The methodologies described herein may be implemented by various means depending upon the application. For example, these methodologies may be implemented in hardware 162, firmware 163, software 165, or any combination thereof. For a hardware implementation, the processing units may be implemented within one or more application specific integrated circuits (ASICs), digital signal processors (DSPs), digital signal processing devices (DSPDs), programmable logic devices (PLDs), field programmable gate arrays (FPGAs), processors, controllers, micro-controllers, microprocessors, electronic devices, other electronic units designed to perform the functions described herein, or a combination thereof.

For a firmware and/or software implementation, the methodologies may be implemented with modules (e.g., procedures, functions, and so on) that perform the functions described herein. Any machine-readable medium tangibly embodying instructions may be used in implementing the methodologies described herein. For example, software codes may be stored in memory 164 and executed by the processor 161. Memory may be implemented within or external to the processor 161. If implemented in firmware and/or software, the functions may be stored as one or more instructions or code on a storage medium that is computer-readable, wherein the storage medium does not include transitory propagating signals. Examples include storage media encoded with a data structure and storage media encoded with a computer program. Storage media includes physical computer storage media. A storage medium may be any available medium that can be accessed by a computer. By way of example, and not limitation, such computer-readable media can comprise RAM, ROM, EEPROM, CD-ROM or other optical disk storage, magnetic disk storage or other magnetic storage devices, or any other medium that can be used to store desired program code in the form of instructions or data structures and that can be accessed by a computer; disk and disc, as used herein, includes compact disc (CD), laser disc, optical disc, digital versatile disc (DVD), floppy disk and Blu-ray disc where disks usually reproduce data magnetically, while discs reproduce data optically with lasers. Combinations of the above should also be included within the scope of computer-readable media.

Thus, a mobile device includes a means for means for receiving motion data, which may include, e.g., the motion sensors 112, as well as other sensors such as the SPS receiver 114 and wireless interface 116. Means for determining a user context using the motion data may include the classification module 50 or processor 161, and means for adjusting a camera feature comprising at least one of continuous auto-focus, auto-white balance, video encode quality, frame rate, search range used for focusing, and exposure mode based on the user context may include, e.g., the camera feature adjustment module 90 or processor 161.

Although the present invention is illustrated in connection with specific embodiments for instructional purposes, the present invention is not limited thereto. Various adaptations and modifications may be made without departing from the scope of the invention. Therefore, the spirit and scope of the appended claims should not be limited to the foregoing description.

Claims

1. A method comprising:

receiving data from one or more sensors in a mobile device;
determining a user context using the data from the one or more sensors; and
adjusting at least one camera feature selected from a group consisting of continuous auto-focus, auto-white balance, video encode quality, frame rate, search range used for focusing, and exposure mode based on the user context.

2. The method of claim 1, wherein determining the user context using the data from the one or more sensors comprises classifying a motion state.

3. The method of claim 1, wherein the user context comprises at least one of panning, walking, standing, sitting, and traveling in a moving vehicle.
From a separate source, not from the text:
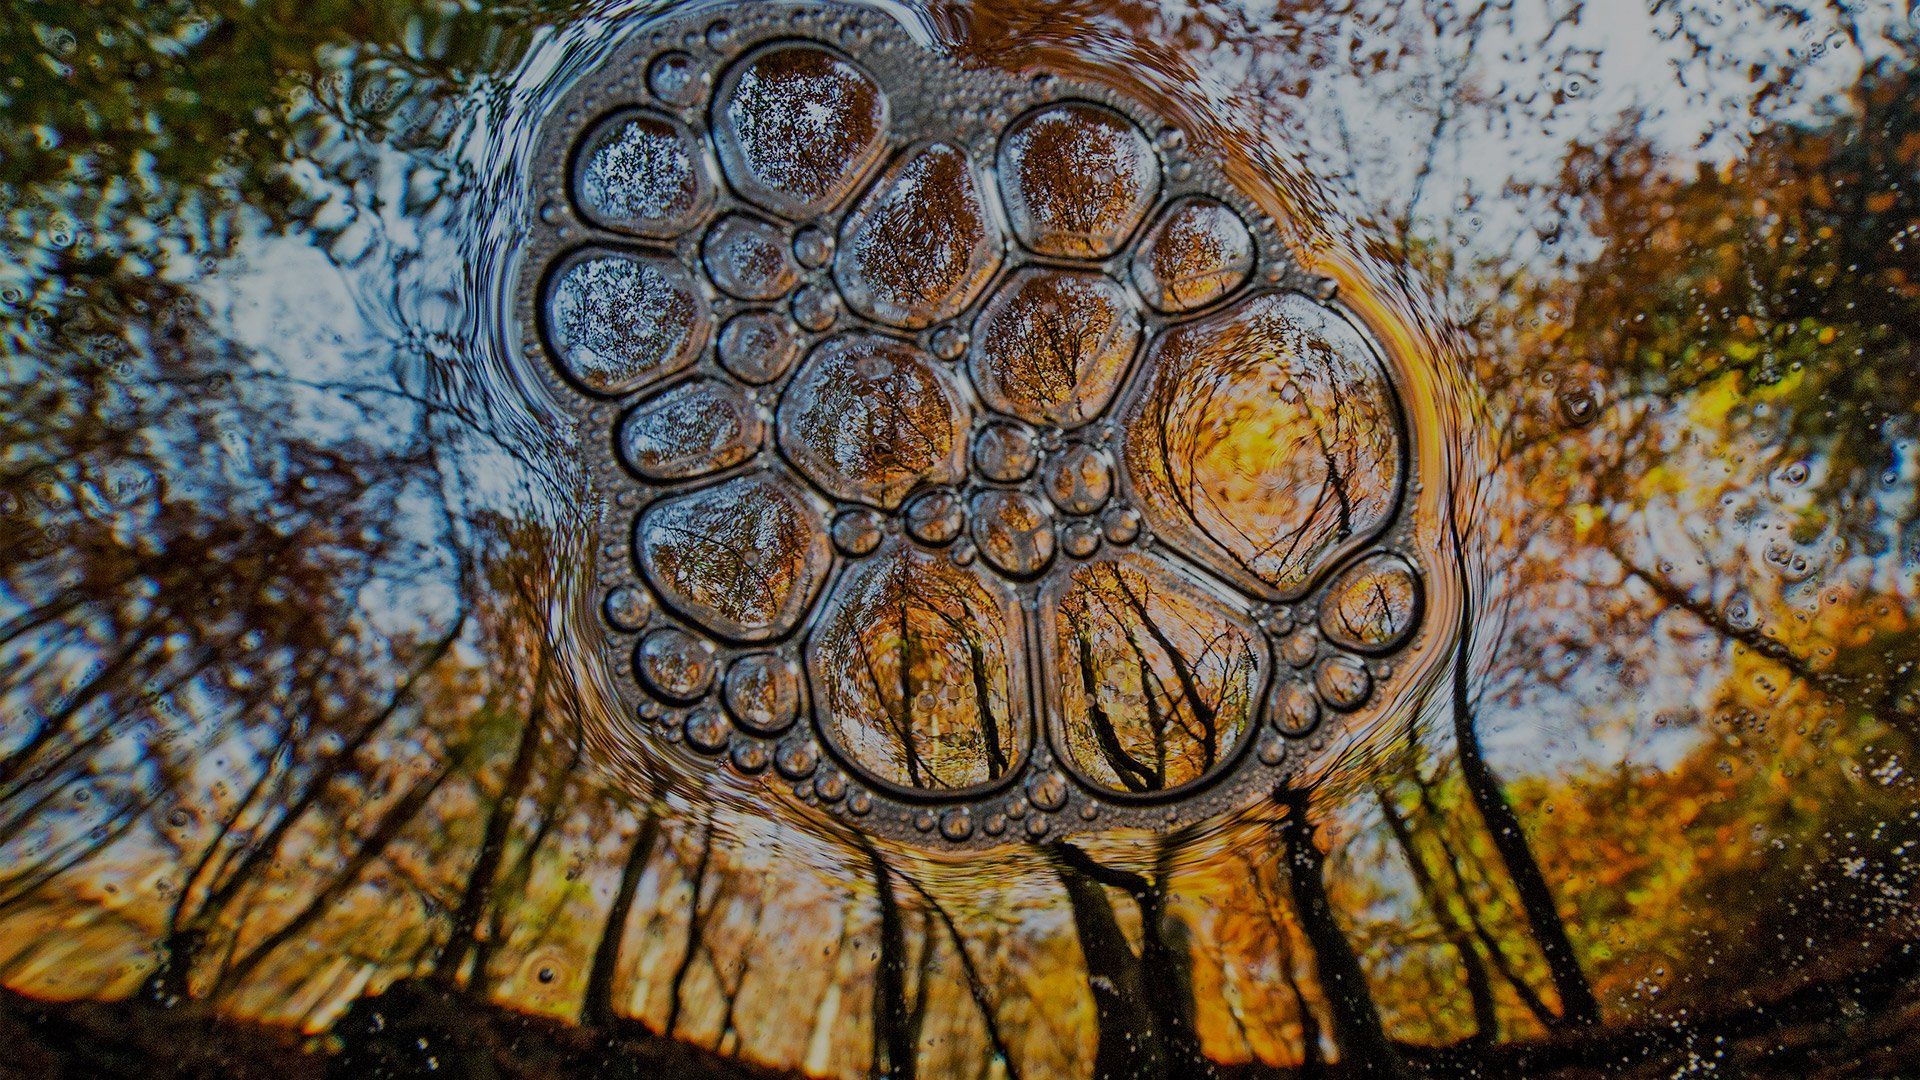 A view from underwater of encircling trees, with the scene reflected in a mass of bubbles.

4. The method of claim 3, wherein adjusting the at least one camera feature based on the user context comprises controlling continuous auto-focus to adjust according to at least one of the following:

not auto-focusing when the user context is walking and not panning;
auto-focusing when panning stops when the user context is walking and panning; and
auto-focusing when panning stops when the user context is not walking and panning.
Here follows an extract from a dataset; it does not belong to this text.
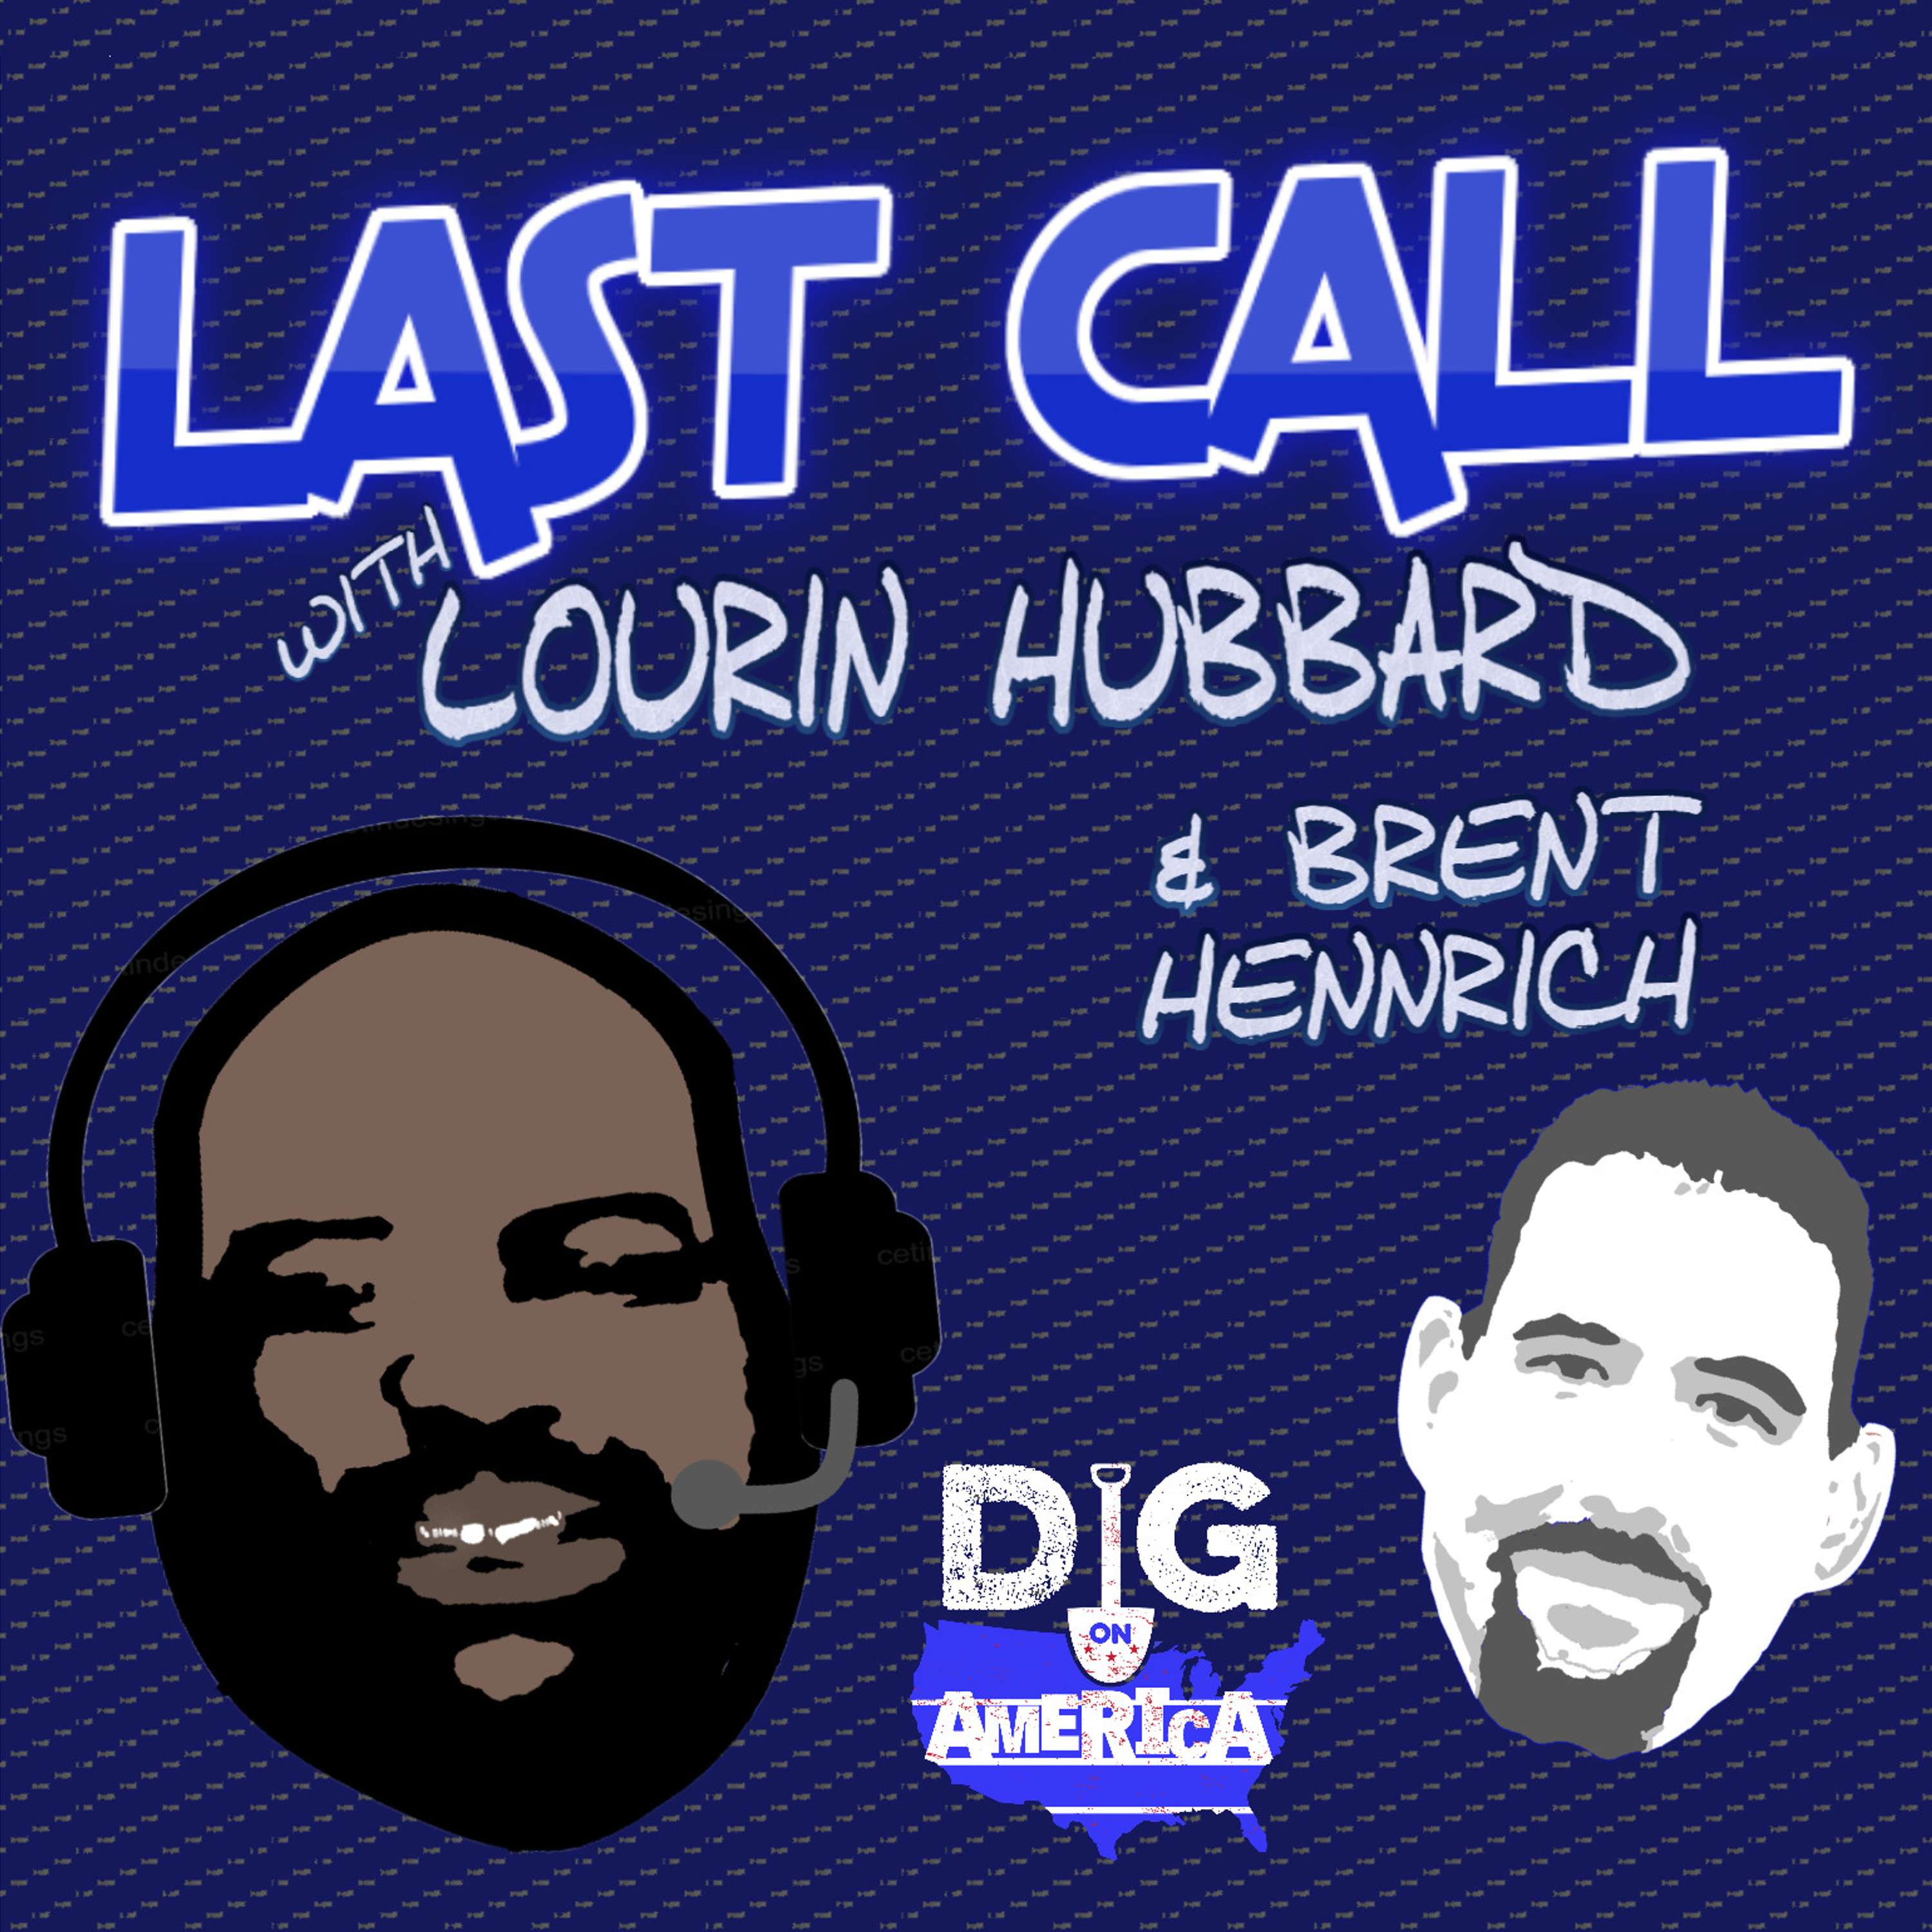 Last Call with Lourin Hubbard: Ty Ross

5. The method of claim 3, wherein adjusting the at least one camera feature based on the user context comprises reducing a threshold at which auto white balance is recalculated when the user context is walking, panning, or traveling in a moving vehicle.
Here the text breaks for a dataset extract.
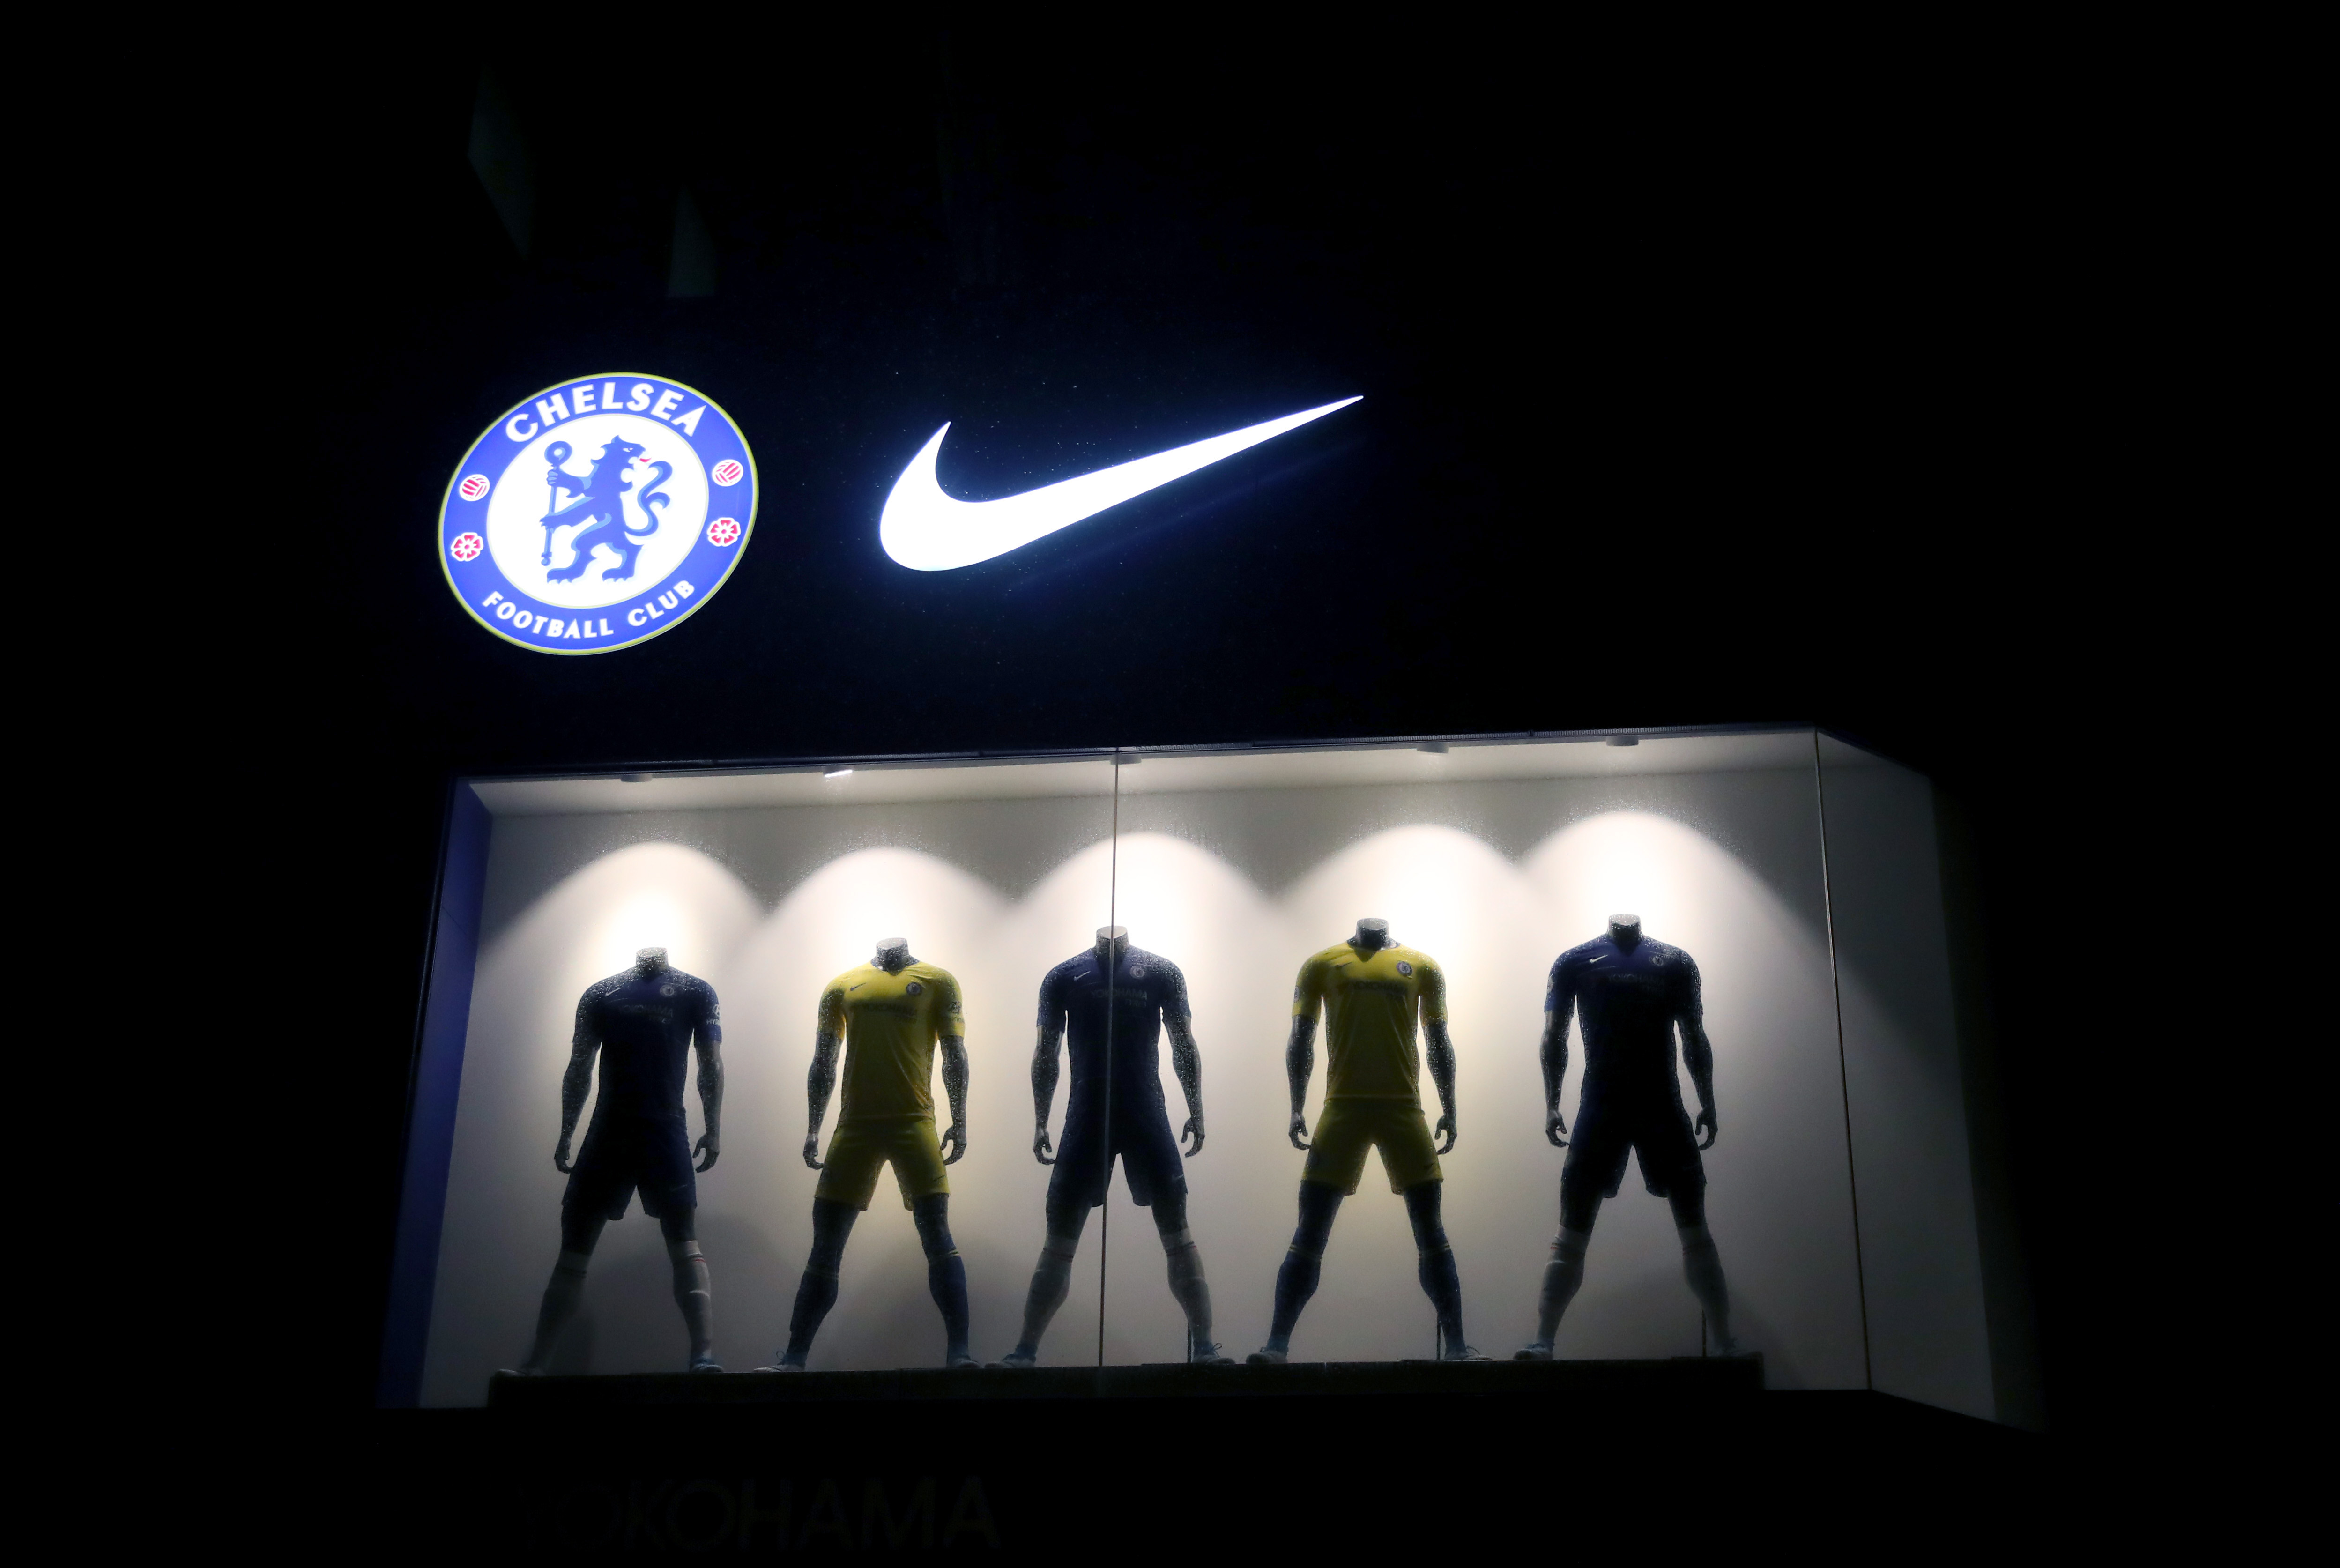 LONDON, ENGLAND - MARCH 07: View of the Nike kit on display ahead of the UEFA Europa League Round of 16 First Leg match between Chelsea and Dynamo Kyiv at Stamford Bridge on March 07, 2019 in London, England. (Photo by Catherine Ivill/Getty Images)

6. The method of claim 1, wherein when the user context is panning, adjusting the at least one camera feature based on the user context comprises recalculating auto white balance at an end of a pan.

7. The method of claim 3, wherein adjusting the at least one camera feature based on the user context comprises decreasing video encode quality when the user context is walking or panning.

8. The method of claim 3, wherein adjusting the at least one camera feature based on the user context comprises increasing frame rate when the user context is walking, running or traveling in a vehicle.

9. The method of claim 3, wherein adjusting the at least one camera feature based on the user context comprises increasing shutter speed when the user context is panning.

10. The method of claim 1, wherein determining the user context using the data from the one or more sensors comprises classifying how a user is holding the mobile device, and wherein adjusting the at least one camera feature based on the user context comprises increasing aperture size when the user context is pointing the camera downward.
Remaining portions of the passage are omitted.